Inside the analyzer: 52 on-chain signals, 8 dimensions, scored on every new Ethereum ERC-20

The full methodology behind RektRadar's 0-100 risk score: 8 analyzers (honeypot simulation, deployer history, bytecode similarity, liquidity, distribution, swap activity, deployer network, Etherscan patterns), 52 individual signals, applied to every new ERC-20 deployed on mainnet.

We run a scoring pipeline on every ERC-20 contract created on Ethereum mainnet. New token deployed at block N - we have a 0-100 risk score and a flag list within seconds.

This post is the methodology behind that number. 8 analyzers, 52 individual signals, the heuristics each one uses, and the trade-offs we accept (false positives and false negatives we know about).
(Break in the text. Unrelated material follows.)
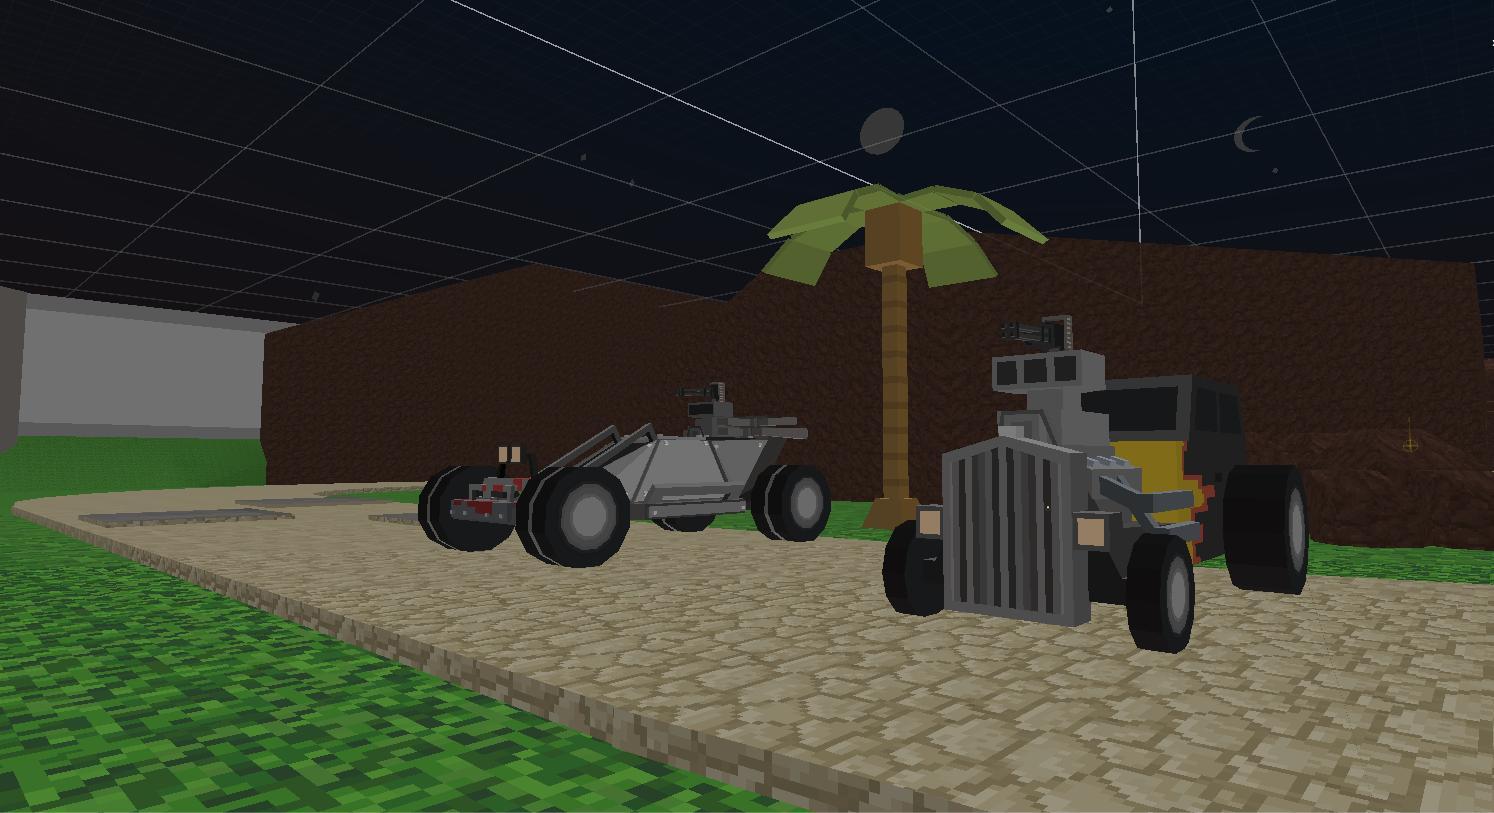 Blocky Combat Strike Zombie Survival 1.25 Screenshot 20
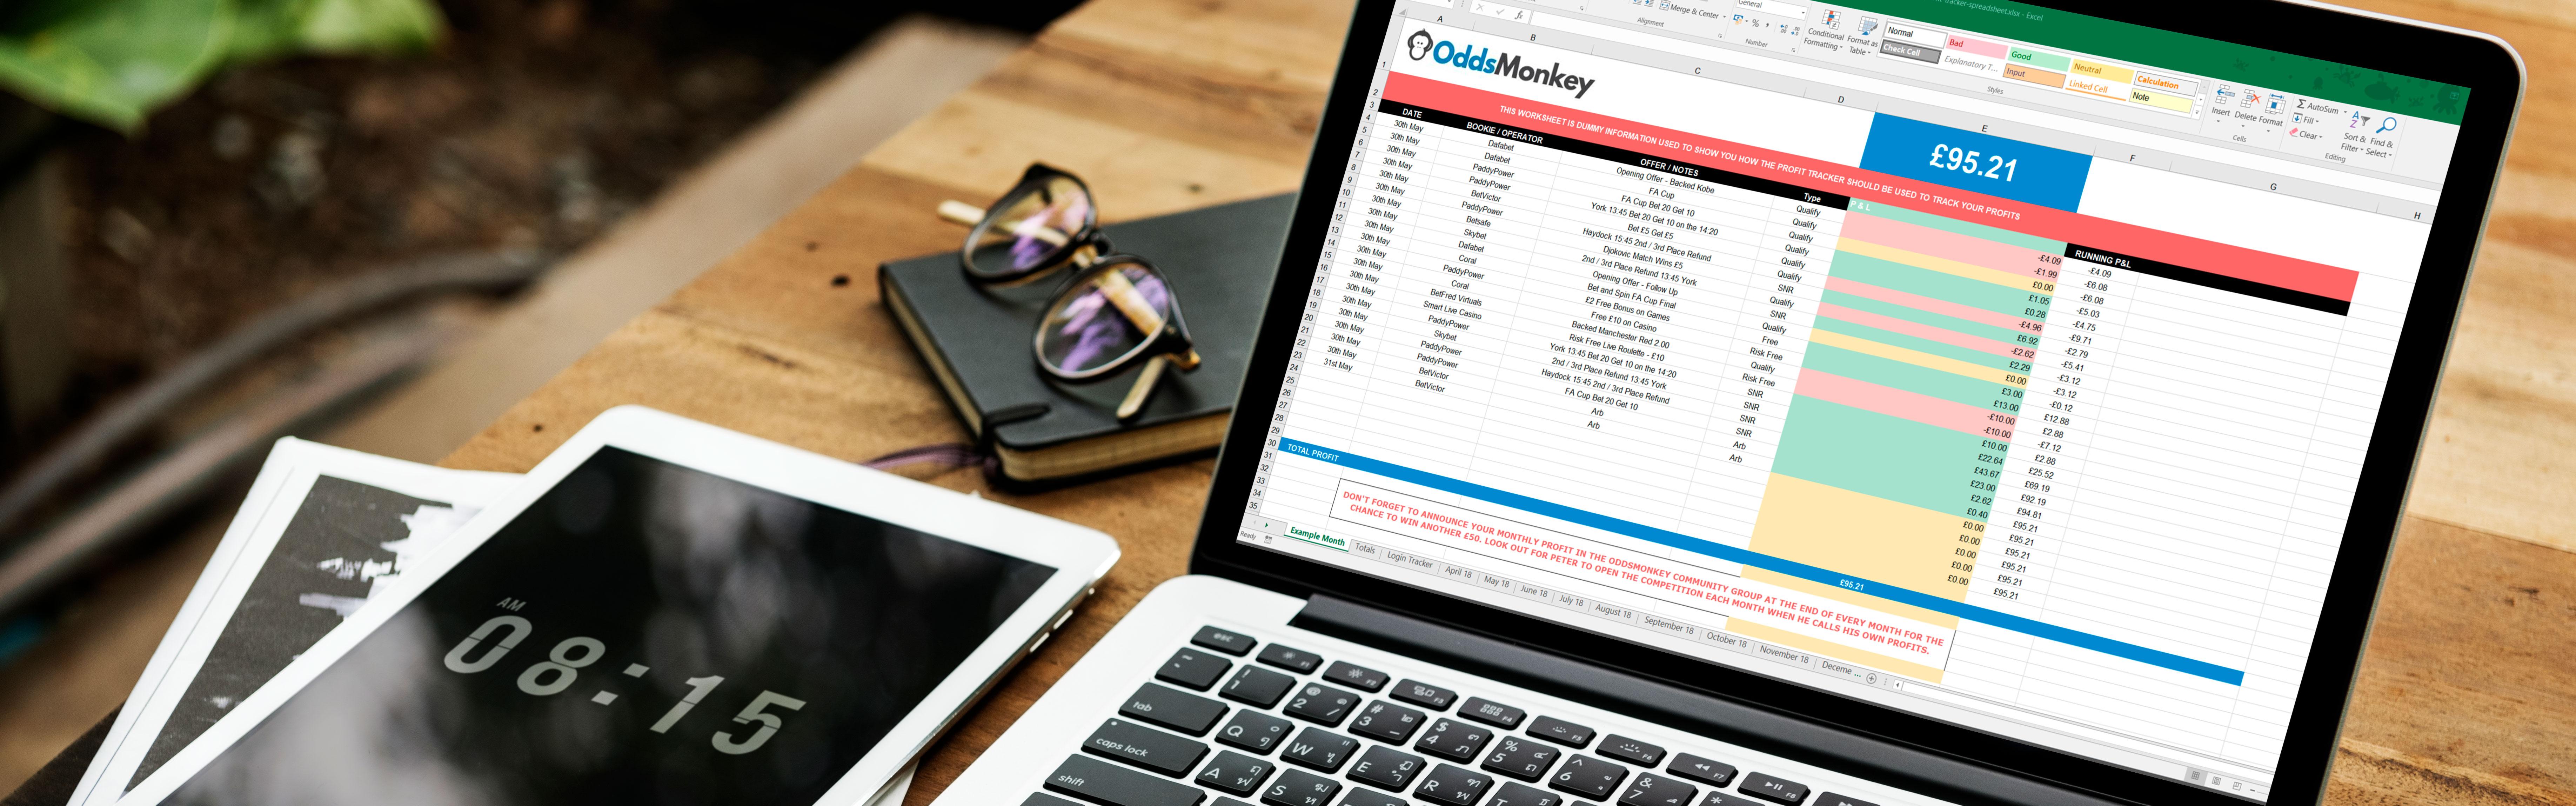 Matched Betting Spreadsheet Excel Regarding Free Matched Betting Spreadsheet  Oddsmonkey Blog

The signal catalogue is also publicly browsable at rektradar.io/signals - one page per signal with the technique and rationale.

The 8 analyzers

Each analyzer is an independent module that returns a riskScore + a list of riskFlags. The aggregate score is a weighted sum capped at 100, with a flag-count floor (6+ flags = at least 70, 5 = at least 60, etc.) so we don’t return a misleading low score when a token has many smaller red flags.

AnalyzerSignalsTechnique
honeypot10eth_call simulation of buy / sell / transfer on a local fork
deployer9Deployer wallet history: age, prior deployments, prior scams
etherscan7Source-code verification + regex patterns on Solidity source
liquidity7LP token concentration, bundling, lock / burn status
swap_activity7Buy/sell ratio from on-chain swap events
network5Deployer-funder graph: mass deployers, mixer funding, serial scammers
bytecode4Function selectors + known scam hashes for unverified contracts
distribution3First Transfer events: holder concentration, distribution skew

Below is the technique each one actually uses. No marketing - this is what runs in production.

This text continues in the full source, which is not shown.